Les attaques sont fréquentes, mais plus rares et plus sophistiquées que les attaques de ransomwares classiques. Les pirates demandent que les rançons soient payées en Bitcoin et communiquent avec leurs victimes par le bais de sites internet sur le Dark Web.

Depuis deux ans et demi, des individus terrorisent des entreprises en s’introduisant au sein de leurs réseaux, et en infectant leurs ordinateurs, avec un malware de chiffrement de fichiers dévastateur appelé SamSam.

Les attaques sont fréquentes, mais plus rares et plus sophistiquées que les attaques classiques de ransomwares, et les auteurs demandent des rançons à cinq chiffres, à faire pleurer leurs victimes, pour réparer les dégâts qu’ils ont causés.

Cette seule année, les victimes comprennent le fournisseur de solutions de santé Allscripts, l’Adams Memorial Hospital, la ville d’Atlanta, le Colorado Department of Transportation et la Mississippi Valley State University.
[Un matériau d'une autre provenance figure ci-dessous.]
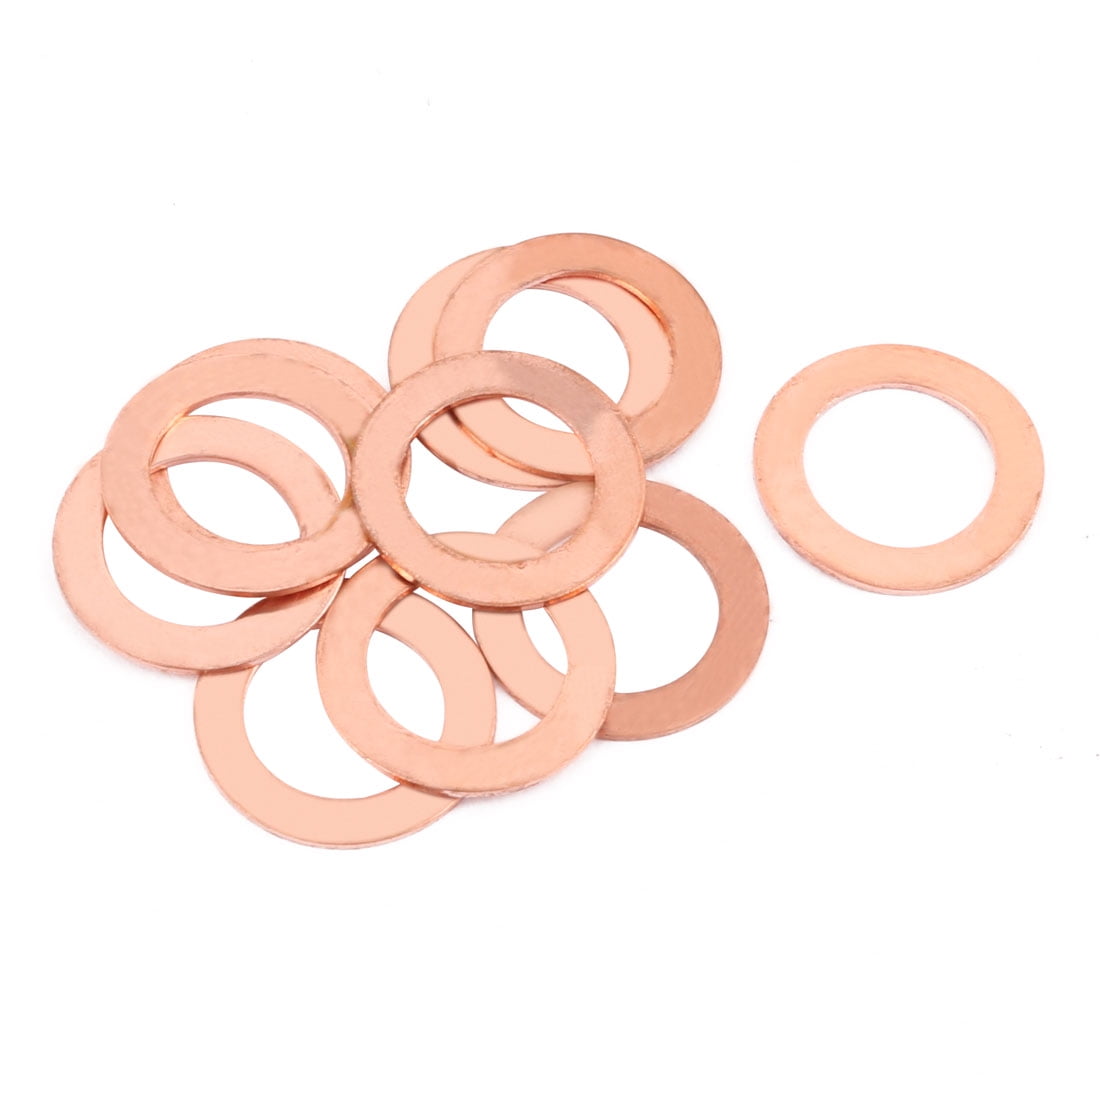 Copper Washers 10mm x 14mm x 1mm Pack of 10

En demandant des rançons élevées à un petit nombre de victimes, réticentes à communiquer au sujet de leurs mésaventures, les cybercriminels SamSam, de leur côté, sont restés insaisissables tout en amassant une fortune estimée à plus de 6 millions de dollars (environ 5,25 millions €). Les détails concernant les attaques, les victimes, les méthodes utilisées et la nature même du malware utilisé, ont été difficiles à trouver.

Et pourtant, malgré tout ce mystère, certaines caractéristiques majeures des attaques menées par SamSam sont accessibles, et à la vue de tous !

Le protocole RDP (Remote Desktop Protocol), une technologie mise en place par les entreprises pour permettre à leurs employés de se connecter à distance, ont permis à l’homme, la femme ou au groupe derrière SamSam, d’entrer en contact avec leurs victimes. Il est facile de découvrir des entreprises qui utilisent le RDP via des moteurs de recherche tels que Shodan, et des mots de passe faibles peuvent être compromis avec des outils secrets et publiquement accessibles, tels que nlbrute.

La demande de rançon de SamSam oriente les victimes vers un site du Dark Web où ces dernières peuvent communiquer par messages avec les pirates. Le site web et la conversation engagée restent certes discrets, mais ils ne sont pas pour autant secrets. Ainsi, toute personne possédant le navigateur Tor peut visiter le site et suivre la conversation en cours.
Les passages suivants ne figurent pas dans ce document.